Abstract Body (Do not enter title and authors here): Introduction: Transthyretin amyloid cardiomyopathy (ATTR-CM) is a restrictive cardiomyopathy characterized by deposition of misfolded transthyretin in the myocardium. Untreated individuals with ATTR-CM have a median survival of 2-4 years after diagnosis. Individuals with clonal hematopoiesis, including clonal hematopoiesis of indeterminate potential (CHIP), mosaic chromosomal alterations (mCAs), and loss of Y (LOY), have heightened risk of adverse cardiovascular outcomes. It is unknown whether the presence of clonal hematopoiesis is associated with mortality in ATTR-CM.

Methods: We tested the association between clonal hematopoiesis and all-cause mortality among individuals with ATTR-CM in the Mass General Brigham Biobank (MGBB). ATTR-CM status was determined by pyrophosphate scintigraphy (PYP) scan. CHIP was called from whole exome sequencing; mCAs and LOY were called from genotype array data. Key exposures were the presence of any CHIP (defined as a variant allele fraction [VAF] ≥2%), large CHIP (VAF ≥10%), CHIP driver mutations (DNMT3A, TET2, and non-DNMT3A), mCA, and LOY. Cox models were used to generate hazard ratios (HRs) for all-cause mortality with adjustment for age at scan, sex, type 2 diabetes, and coronary artery disease.

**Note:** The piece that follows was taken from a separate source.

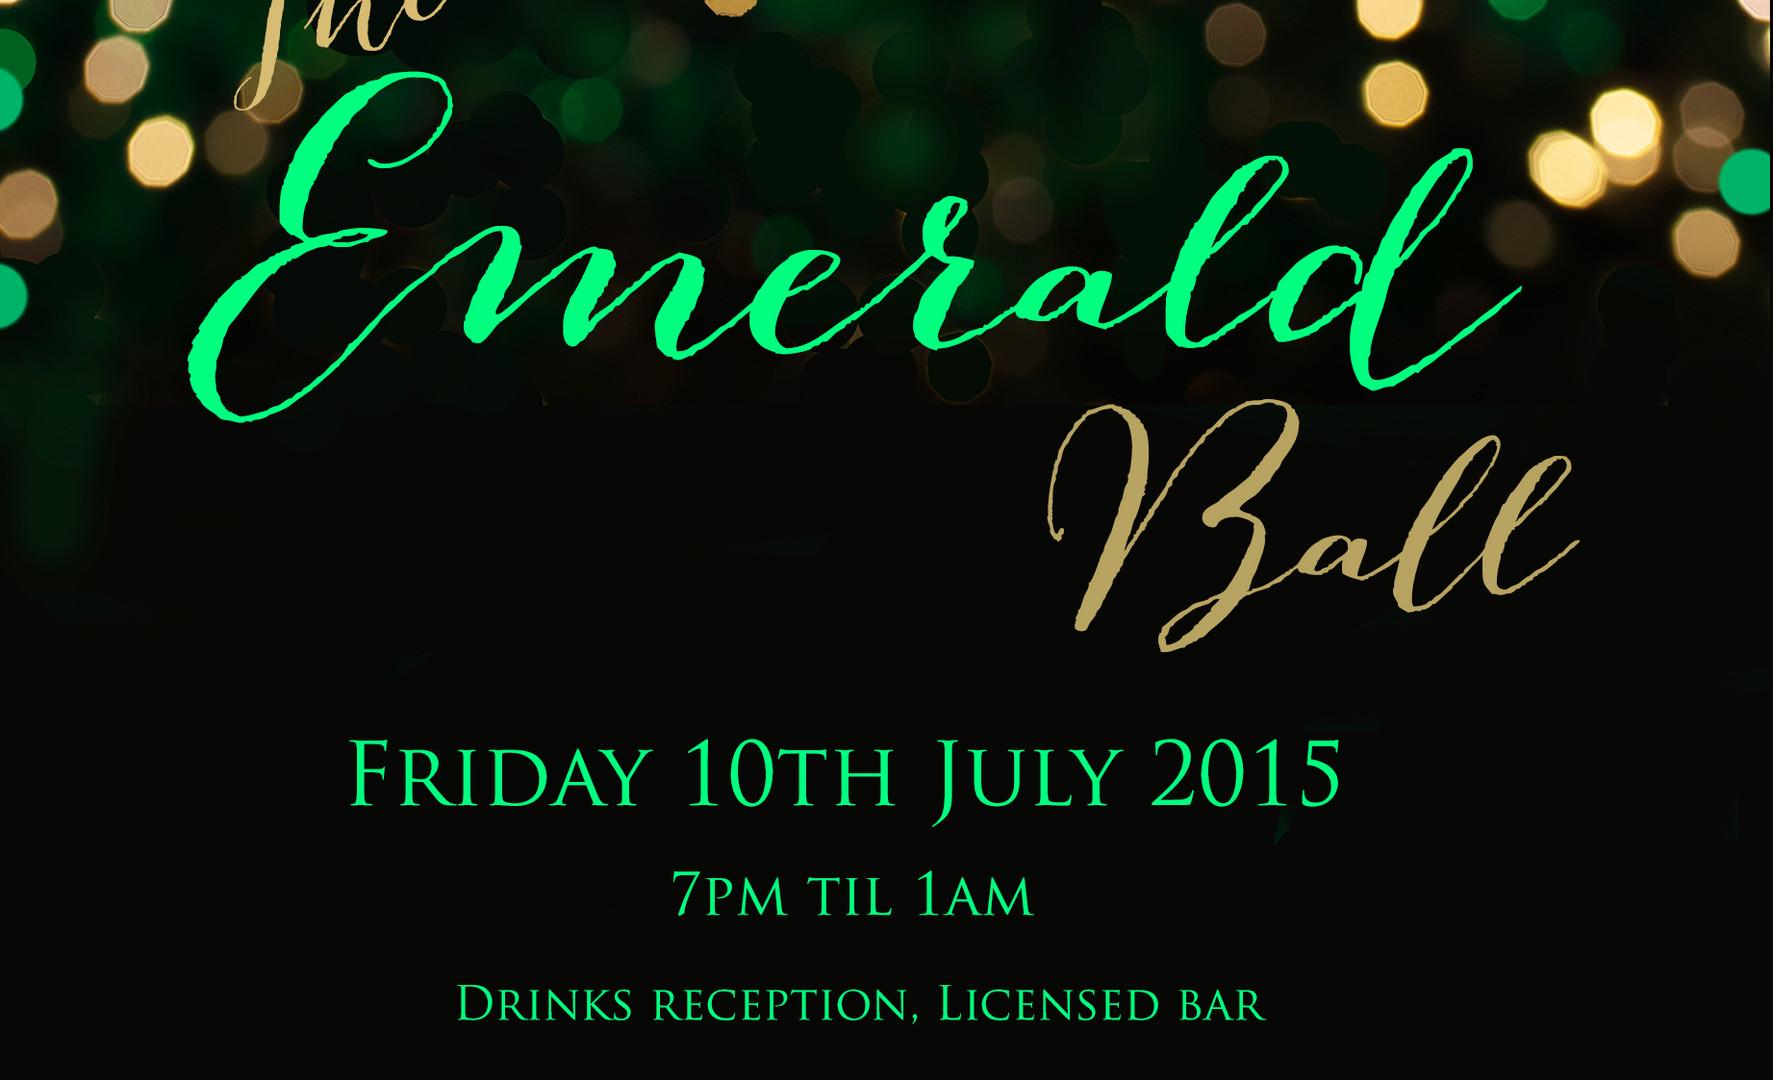 EMERALD_BALL_invite_15x21.jpg
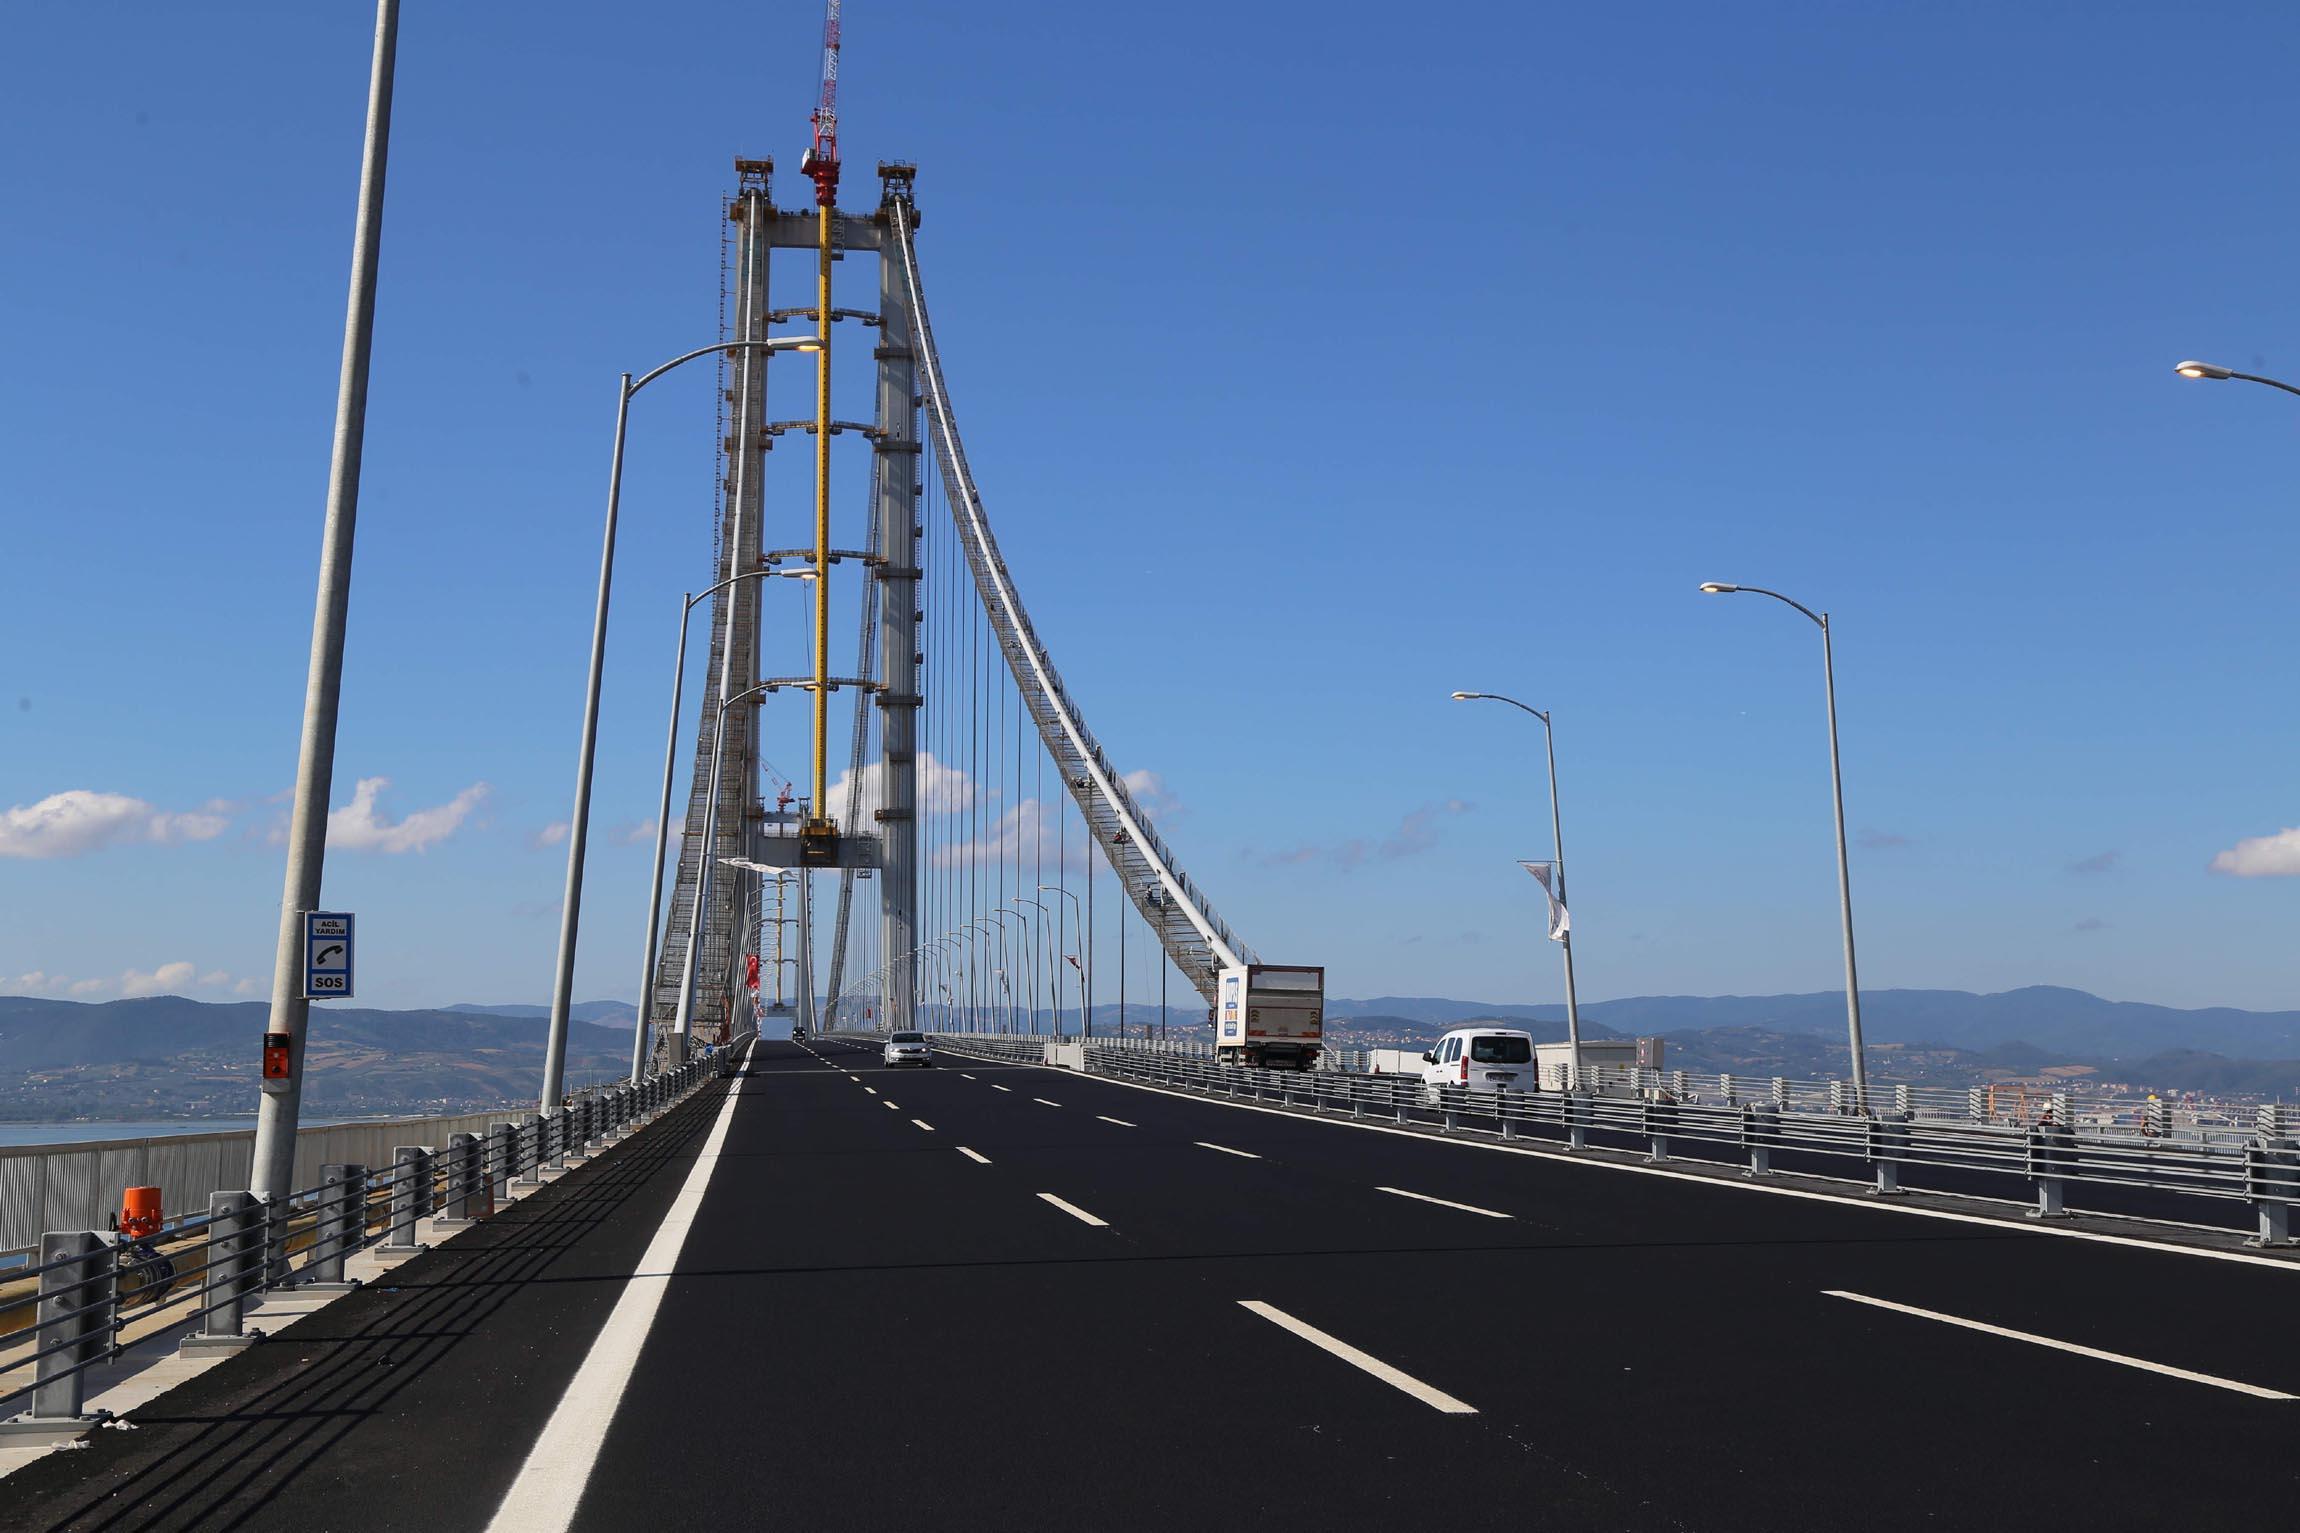 13 ayda Osmangazi Köprüsü'nden geçmeyen 8 milyon aracın geçiş parasını Türkiye Halkı ödeyecek!

Results: Among 54 genotyped individuals in the MGBB with a positive PYP scan (mean [SD] age 79.1 [6.7], 48 [89%] male), any CHIP was identified in 16 (29%) individuals, large CHIP in 9 (17%), LOY in 11 (23% of males), and mCAs in 10 (19%). The most common CHIP clones were DNMT3A (11 [20%] individuals), TET2 (3 [6%] individuals), and ASXL1 (2 [4%] individuals). Over a median [interquartile range] follow-up of 2.89 [1.48-4.37] years, non-DNMT3A CHIP was significantly associated with risk of all-cause mortality (HR 5.97 [95% CI 1.13-31.55], P =0.036). TET2 CHIP had a suggestive association with all-cause mortality (HR 5.94 [0.79-44.68], p = 0.08). Neither any CHIP, large CHIP, nor DNMT3A CHIP was significantly associated with all-cause mortality, though effect estimates were directionally consistent with increased risk (any CHIP: HR 2.06 [0.60-7.12], P=0.25; large CHIP HR 2.57 [0.53-12.60], P=0.24; DNMT3A CHIP HR 1.76 [0.47-6.57], P=0.40). In addition, mCAs, but not LOY, were associated with mortality (mCA HR 4.75 [1.33-16.96], P=0.017; LOY HR 2.79 [0.74-10.59], P=0.13).

Conclusions: In a small observational study of individuals with ATTR-CM, non-DNMT3A CHIP and mCAs were associated with increased risk of all-cause mortality.